KMC does NOT modify model weights. Compression is lossless and reversible; every byte is preserved exactly.
Partial tensor loading returns bytes. The read_tensor method and --tensor flag return raw bytes. To convert to native tensor objects (PyTorch, NumPy), the experimental safetensors loader is required and depends on optional tensor libraries being installed.
Tensor extraction depends on tensor metadata. Archives must be created with --tensor-aware mode for tensor-level partial access. Older archives support file-level partial access but not tensor-level access.
GGUF-aware compression is experimental. The --gguf-aware flag adjusts codec selection for quantized GGUF tensors but does not yet implement block-level GGUF-specific compression strategies.
No fixed compression ratios should be assumed. Results vary significantly by model format, data type, and content. Synthetic benchmarks do not represent real-world ratios.
KMC is not a replacement for quantization. If you need smaller models for inference, use quantization (GGUF Q4_K, GPTQ, AWQ, etc.). KMC is complementary: it compresses already-quantized files for storage/transfer.
No pickle is used. KMC never deserializes pickle-based files. Only presence, size, and hash are recorded.
KMC is lossless only. There is no lossy mode and no weight modification of any kind.
Safetensors loader is experimental.
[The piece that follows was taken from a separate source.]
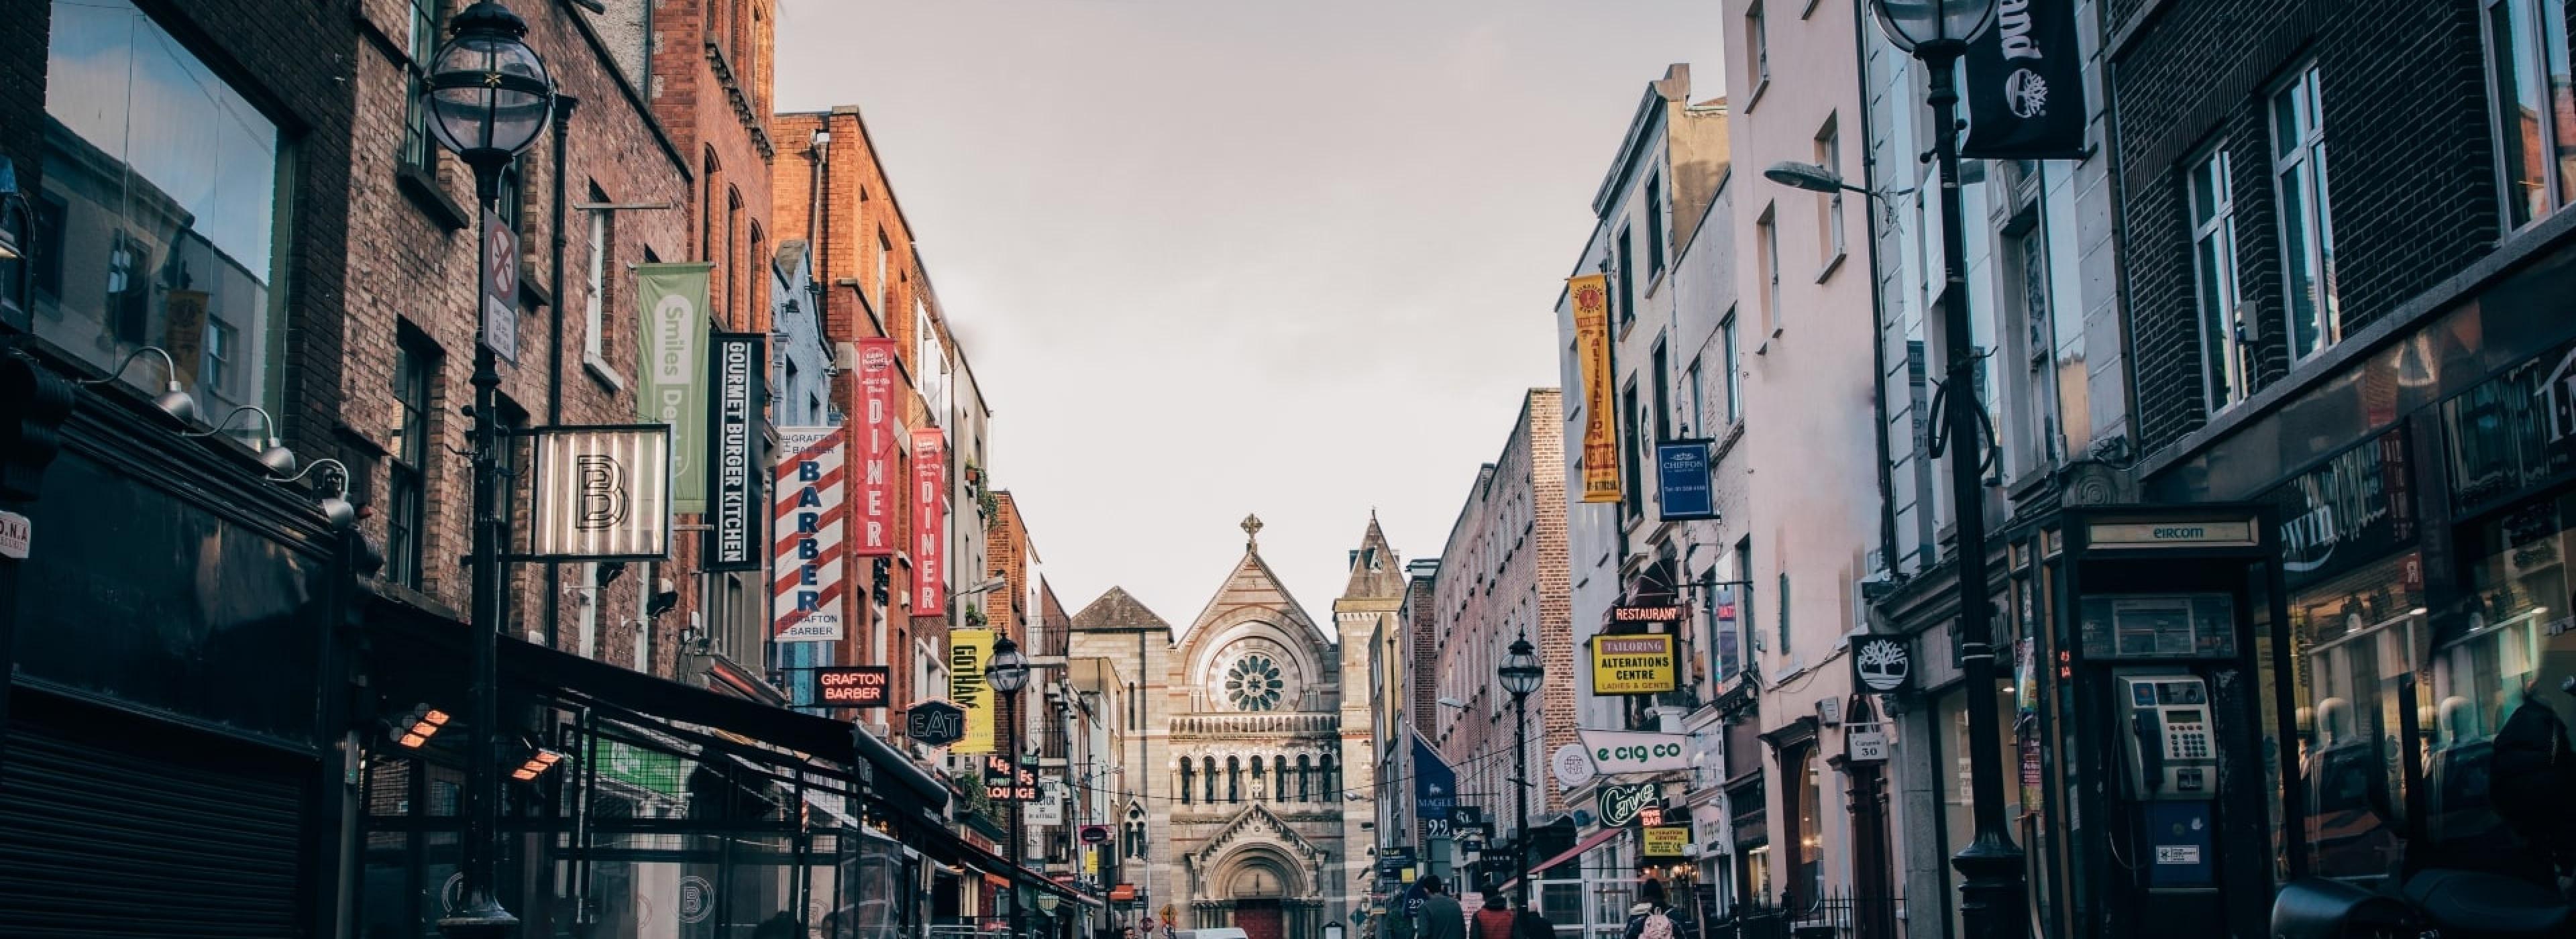 Heritage of Ireland

The load_tensor() function may change without notice between versions.

Overview

Kimari MicroCompress (KMC) is an experimental tool for lossless, reversible compression of AI model files. It focuses on storage, transfer, verification, and packaging without modifying the original weights. The approach is grounded in the observation that AI model files — particularly safetensors and quantized formats — contain significant redundancy that general-purpose compression tools don't exploit optimally.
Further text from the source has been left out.